Why powered aircraft? Very large hot-air balloons should be more efficient (large so heat losses through the skin are small compared to their volume). A spherical balloon might collect about 200W/sq-m of cross-sectional area, on average. A 1km balloon, with cross-sectional area of 785375sq-m might average 157MW from an airship massing perhaps 300 metric ton.

Also - if the airships self-produce out of recyclable nanoblocks, simply landing and being disassembled for re-use would effectively deliver energy.


Why use airships and balloons, when you could put permanent solar collection arrays on the moon? Then you could beam the energy back as microwave energy.

Inaddition you could also setup bases and collect He3 for use in nuclear fusion reactors(which I assume could be constructed with molecular nanotech).

Chris Phoenix, CRN

I didn't want to get into fusion, because we don't yet know how to do it. MM should certainly enable much faster research--imagine if you could build a new Tokamak every month for $1 million or less. But until fusion is working, we won't know how efficient or convenient it will be.

Hot air balloons are an option if you don't care where they drift, and you don't need them to land very often. Basically, I'm not too worried about efficiency; with super-light materials, it will be possible to build a plane that uses a tiny fraction of incoming energy to stay aloft.

Any kind of beamed power needs a big receiver and will produce losses (heat) at the receiving end. Hot air balloons would need either beamed power or flying shuttle-craft--or, if they have even a limited mechanosynthetic capability onboard, they would be able to simply drop gliders full of synthesized fuel. (Gliders, because large balloons will be drifting rather than station-keeping.)

I don't like the idea of any aircraft designed to build copies of itself in the upper atmosphere. It's too close to a "gray goo" scenario. It would be pretty easy to clean them up (shoot them down) if a software bug made them produce too many copies... but why go there at all? Build them on the ground and launch them as needed.


Tom Craver

If this system is the primary means of energy collection, I think you do care about efficiency - e.g. if the system uses half it's energy to stay aloft, and if we are at the limit of our heat budget, that means humanity gets only half as much energy as it could otherwise have.

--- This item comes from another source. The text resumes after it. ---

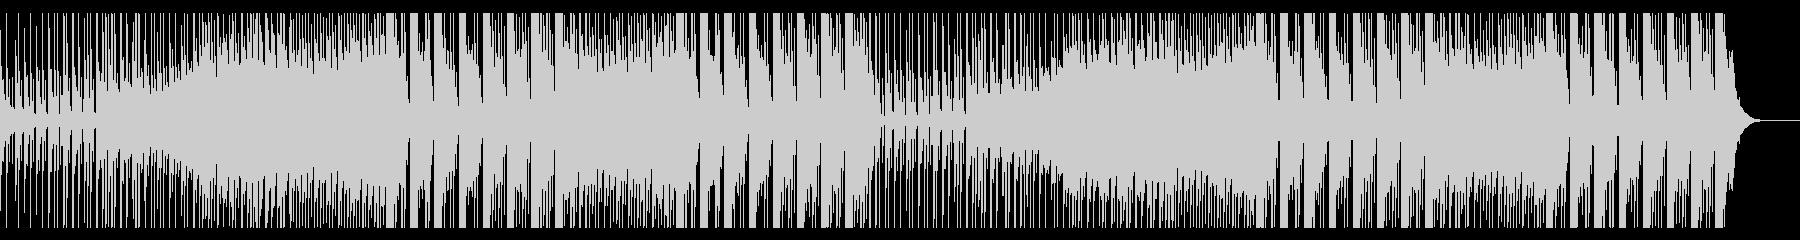 キラキラ洋楽(future pop)の未再生の波形

Also, if it's a global power system, the fact that they drift around the world isn't much of an issue - in fact, its free fuel distribution.

I think the biggest problem with balloons is that they'll have a large area to payload ratio - they'll be able to gather their fuel-lift capacity rather quickly. (But would powered craft do better? Possibly they just take longer to gather the same amount of energy. And as they get near the end of a production cycle, carrying more fuel as cargo, their production rate would drop.)

Instead of self-copying, what if they grow to a certain size (using their energy to produce nanoblocks, mostly energy storing blocks that can double as structural blocks), then rebuild a large fraction of themselves into powered robotic landers? (There's no reason they have to be gliders - powered craft will be safer and better insure they can make it to landing areas.)

Phillip Huggan

What I see here is a description of tradeoffs between nearby atmospheric volumes and non-local airspace. I don't know which will be more valued post-MM.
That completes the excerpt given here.